Marché du travail : une amélioration en trompe l’œil

L’amélioration est aussi visible sur le marché du travail. Selon l’enquête de population active d’Istat, 102000 nouveaux emplois ont été créés au deuxième trimestre, soit un total de 114 000 créations nettes au premier semestre. Après les 290 000 destructions nettes de 2013 et les 160 000 créations nettes de 2014, la tendance est donc résolument positive.

On reste toutefois prudent quant à la capacité de l’économie italienne à générer davantage d’emplois sur le reste de l’année. Déjà, l’effet Jobs Act a joué à plein au deuxième trimestre avec l’entrée en vigueur de la réforme le 7 mars. Les entreprises ont en effet préféré attendre le printemps et l’entrée en vigueur du nouveau CDI «à protection croissante » (voir notre Special Report dédié au Jobs Act pour plus de détail) pour recruter, même si les allègements de charge associés aux recrutements en CDI en 2015 étaient disponibles depuis janvier. Un trou d’air n’est donc pas impossible au troisième trimestre. Ensuite, rappelons que les allègements de charges patronales sur les CDI incitent plutôt les entreprises à convertir des contrats temporaires existants en CDI que de recourir à de nouvelles embauches : à masse salariale constante, l’exonération de charges patronales améliore en effet les marges opérationnelles. Enfin, n’oublions pas que l’activité est pour l’heure insuffisamment dynamique pour faire durablement baisser le chômage. En Italie, 1,8% de croissance est nécessaire pour y parvenir, notamment en raison de la forte hausse du taux de participation enregistrée depuis 2010. C’est notamment pourquoi le taux de chômage a augmenté au deuxième trimestre malgré plus de 100 000 créations nettes d’emplois.

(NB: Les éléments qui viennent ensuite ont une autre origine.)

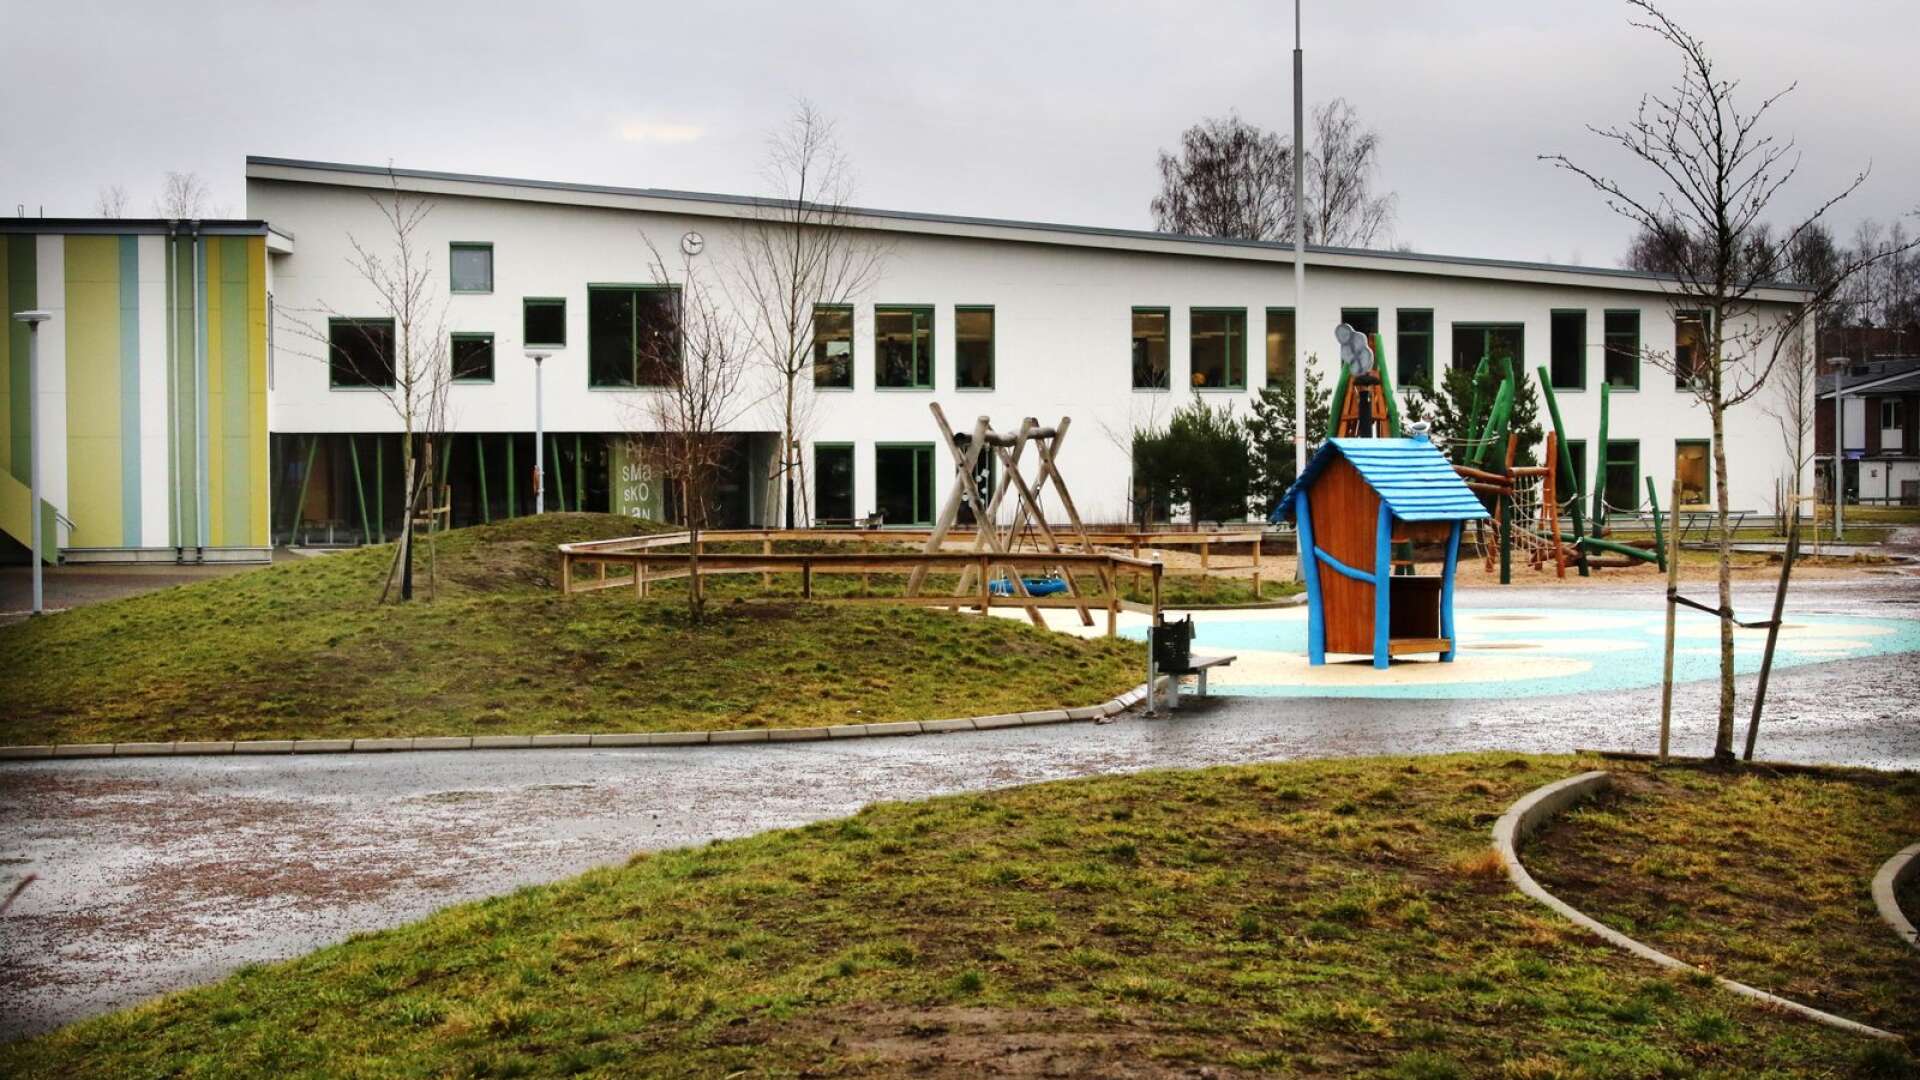 Två fritidsledare från Blåbäret stödjer skolans verksamhet på Prismaskolan när kommunens offentliga mötesplatser håller stängt.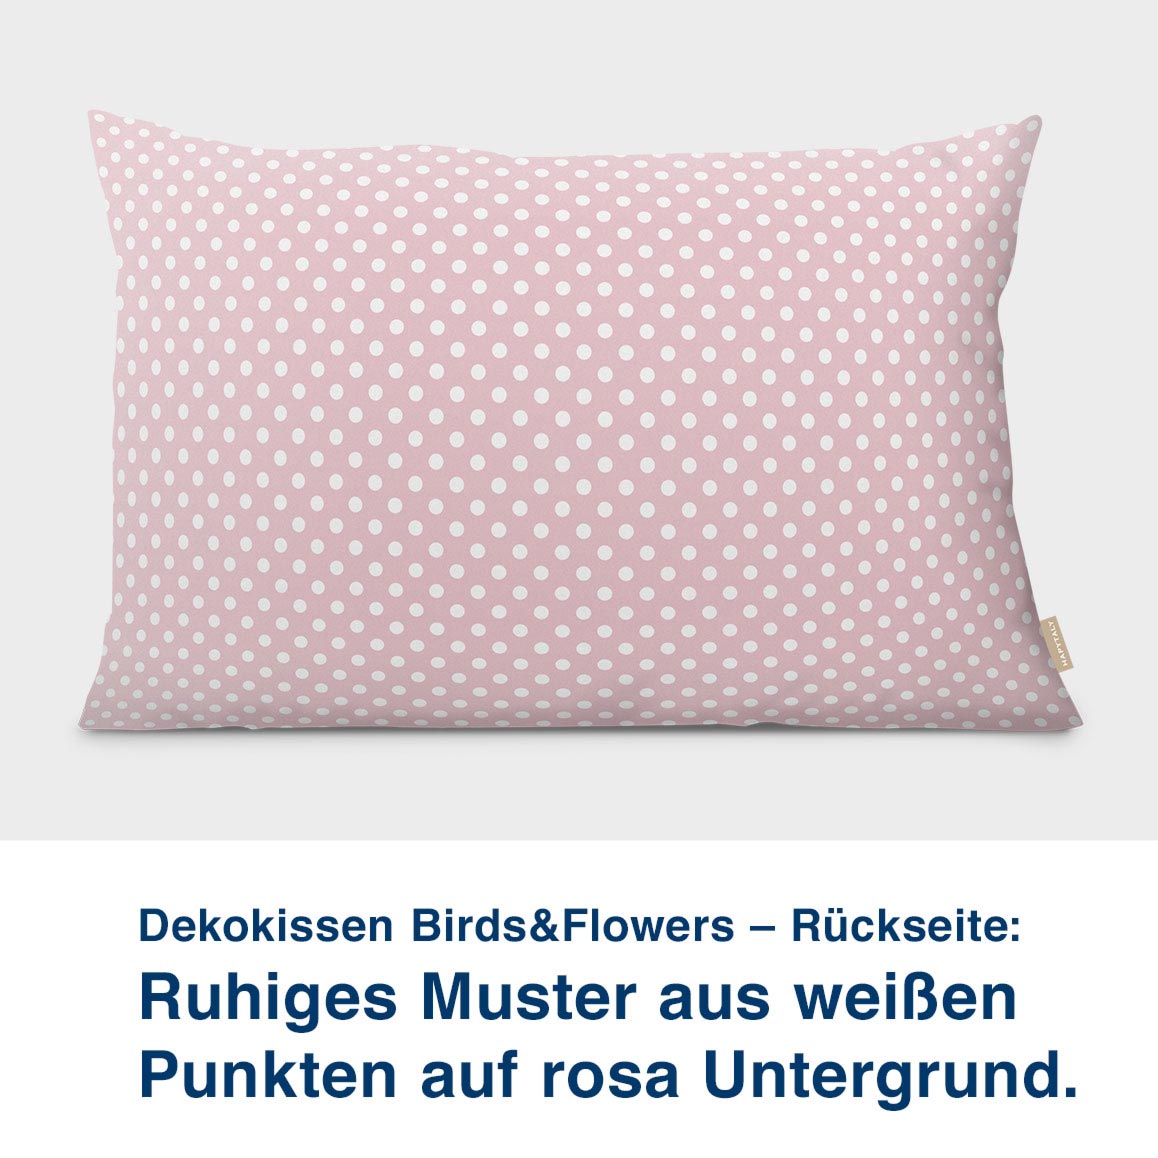 Dekokissen Birds&Flowers – Rückseite:  Ruhiges Muster aus weißen  Punkten auf rosa Untergrund. UNtergrund die Farben des Meeres.

Malgré ce début en fanfare du Jobs Act, notre sentiment reste que les entreprises continueront à privilégier dans un premier temps les gains de productivité à de nouvelles embauches, comme cela a été le cas de l’industrie au premier semestre (hausse de la production, mais recul de l’emploi). Dans ce contexte, la création d’emplois ne serait que légèrement supérieur à son niveau de 2014 – i.e. entre 150 000 et 200 000 emplois – et le taux de chômage en léger recul, autour de 12%. Des données très encourageantes, mais pas encore un vrai choc positif sur le marché du travail.

Le commerce extérieur menacé par le ralentissement émergent ?

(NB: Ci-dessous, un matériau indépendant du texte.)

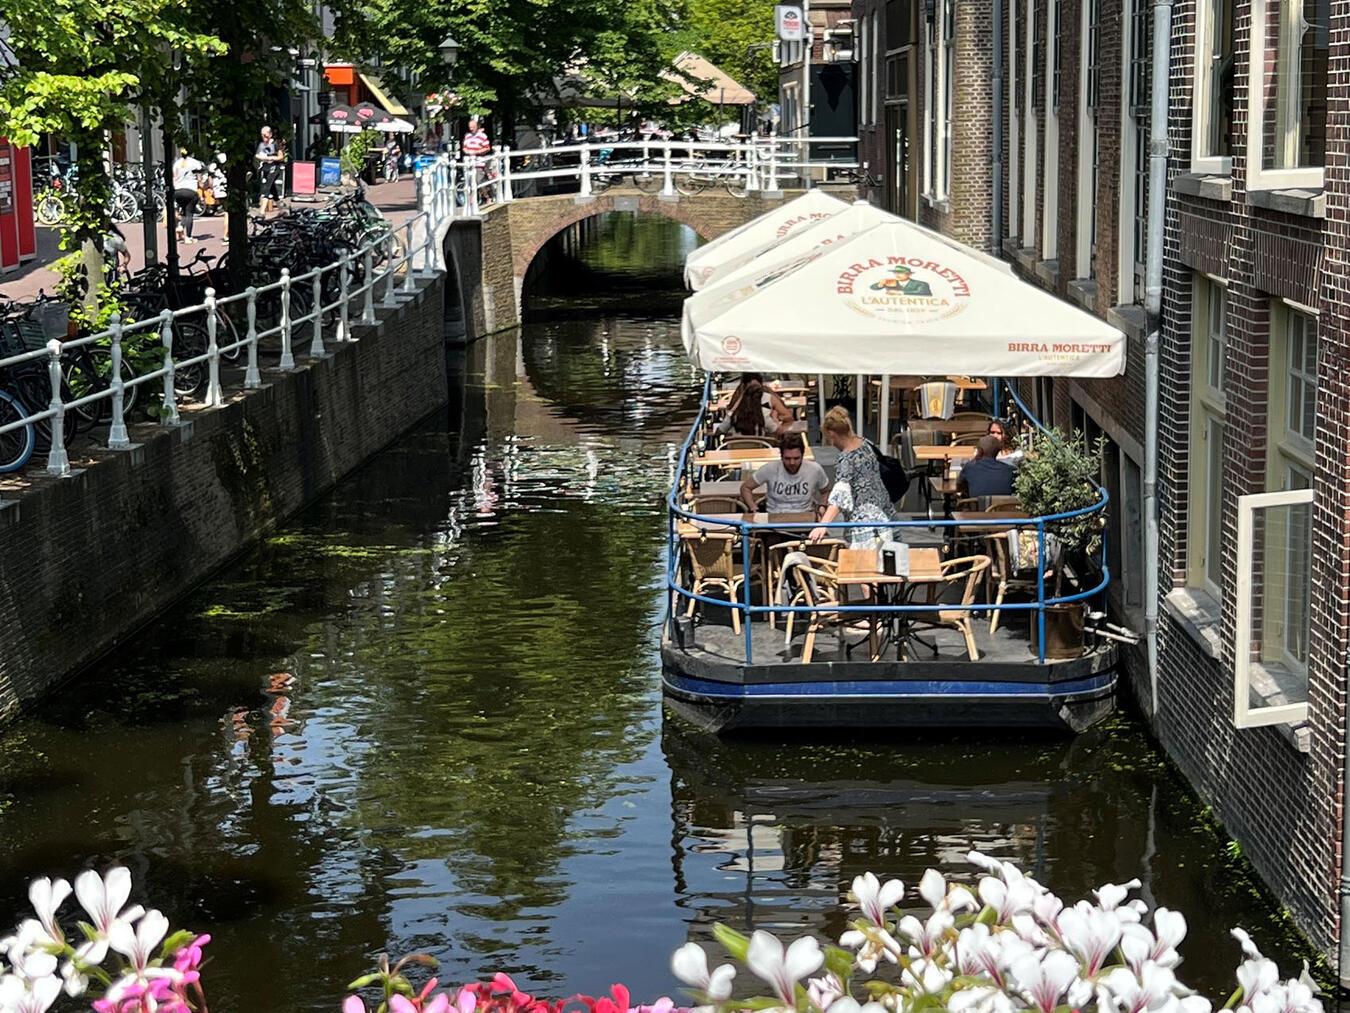 Malerische Grachten, prächtige Herrenhäuser und eine entspannte Atmosphäre zeichnen Delft aus.NN-Fotos: Andrea Kempkens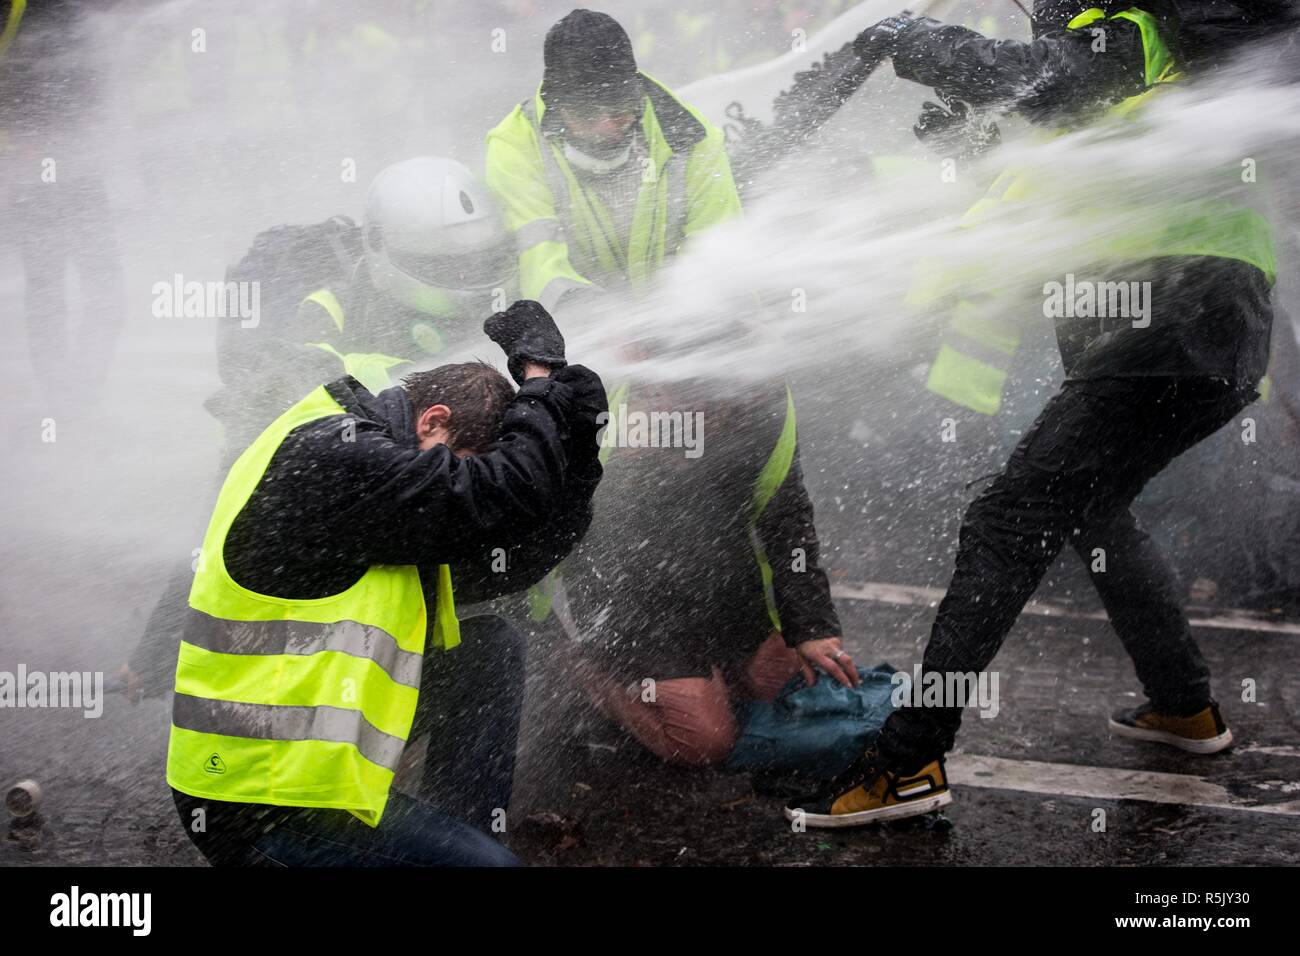 Les forces de police voit en utilisant le canon à eau sur les manifestants Gilet  jaune près de l'Arc de Triomphe au cours d'une 'Yellow Vest' manifestation  à Paris. Sans aucune affiliation

Vu que la reprise est tirée par la demande intérieure, nous ne voyons pas le ralentissement émergent comme un risque majeur pour l’Italie. Mais une décélération des exportations ne peut être totalement exclue au deuxième semestre. En effet, les pays émergents ont été la destination d’un tiers des exportations de l’Italie au premier semestre et ont contribué à quasiment la moitié de la croissance des exportations en valeur sur la période 2010-2014. Le ralentissement de la Chine ne devrait avoir que peu de conséquences eu égard à ses faibles poids et contribution. Mais un ralentissement des émergents au sens large ne laisserait pas le commerce extérieur indemne en cas de perte de dynamisme des ventes vers les économies développées (comme en a témoigné le mois de mai). Depuis 2014, se sont en effet les exportations vers le reste de la zone Euro, le Royaume-Uni et les Etats-Unis qui tirent les exportations italiennes.

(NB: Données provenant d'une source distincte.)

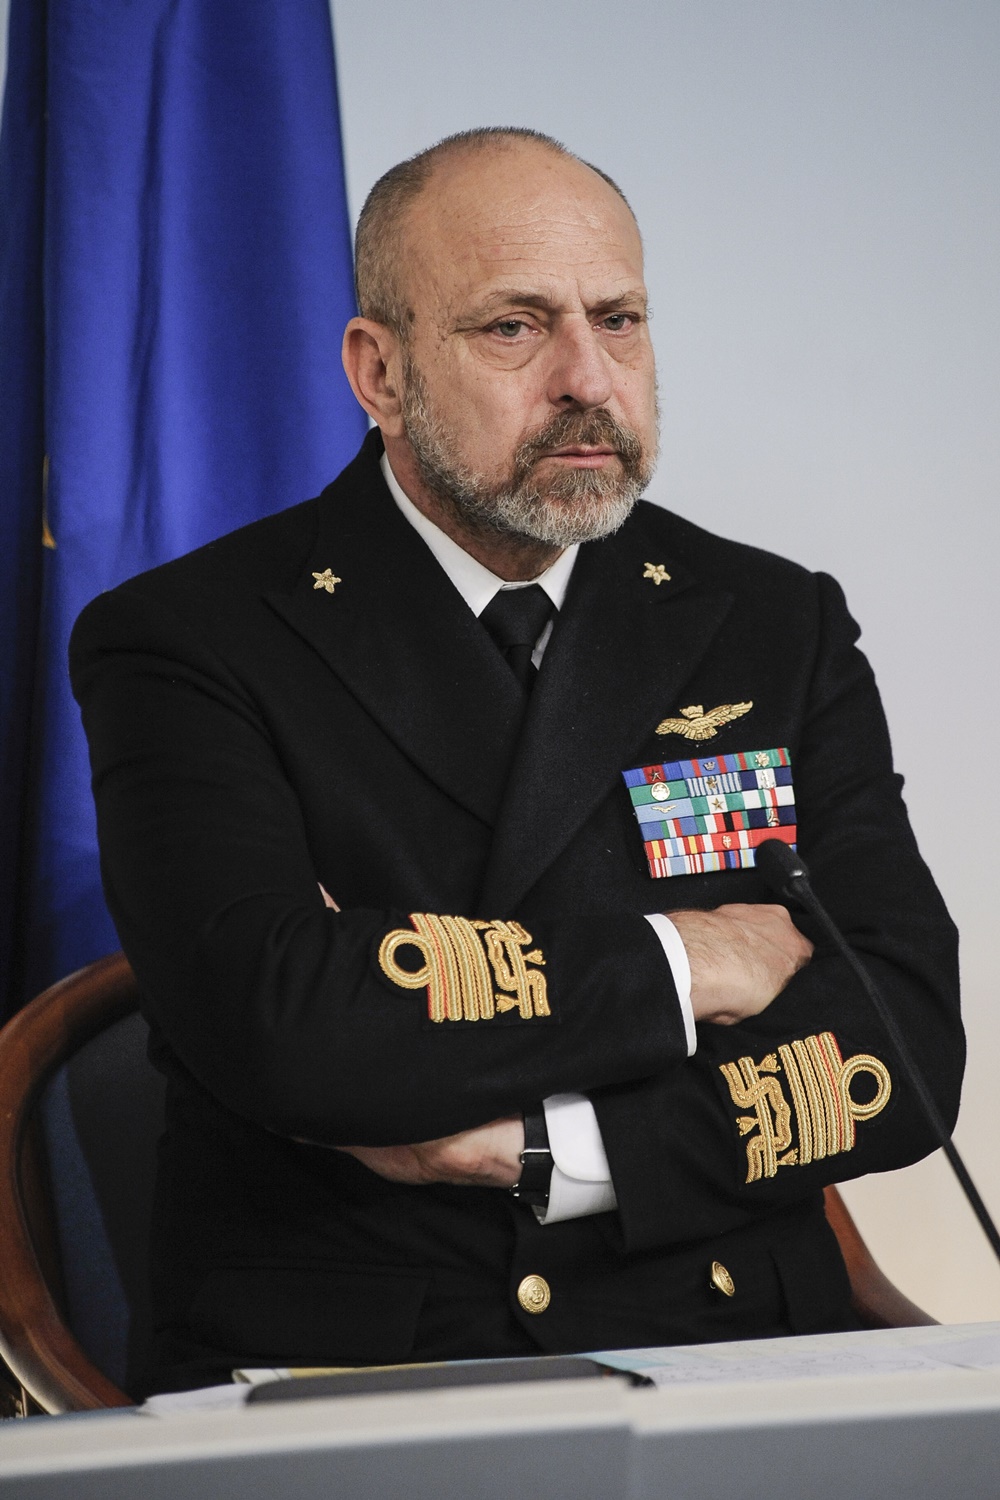 Conferenza stampa sul naufragio della Norman Atlantic 2014, Giuseppe De Giorgi

Quel serait dès lors le principal risque lié à une décélération du volume d’exportations ? Nous en voyons deux principaux. Pour la croissance, une contribution encore plus négative du commerce extérieur qu’au premier semestre. Ceci pourrait coûter 0,1 point de croissance en 2015. Pour les entreprises, une baisse du chiffre d’affaires à l’exportation, notamment dans certains secteurs. Sur les cinq premiers mois de 2015, 30% des 170 milliards d’exportations totales italiennes destinées aux émergents étaient concentrés dans trois secteurs : équipements de transport et machines (14% des exportations totales,), biens manufacturiers (12%) et produits chimiques (4%) – des secteurs qui ont d’ailleurs le plus contribué à la croissance des exportations vers les émergents ces dernières années.

La reprise de l’investissement productif pourrait-elle s’arrêter au second semestre ?

S’il est encore trop tôt de présager de l’impact qu’aura le ralentissement émergent sur la confiance des entreprises, nous restons en revanche convaincus que les conditions sont toujours réunies pour que le rebond de l’investissement productif observé au premier semestre se poursuive au second.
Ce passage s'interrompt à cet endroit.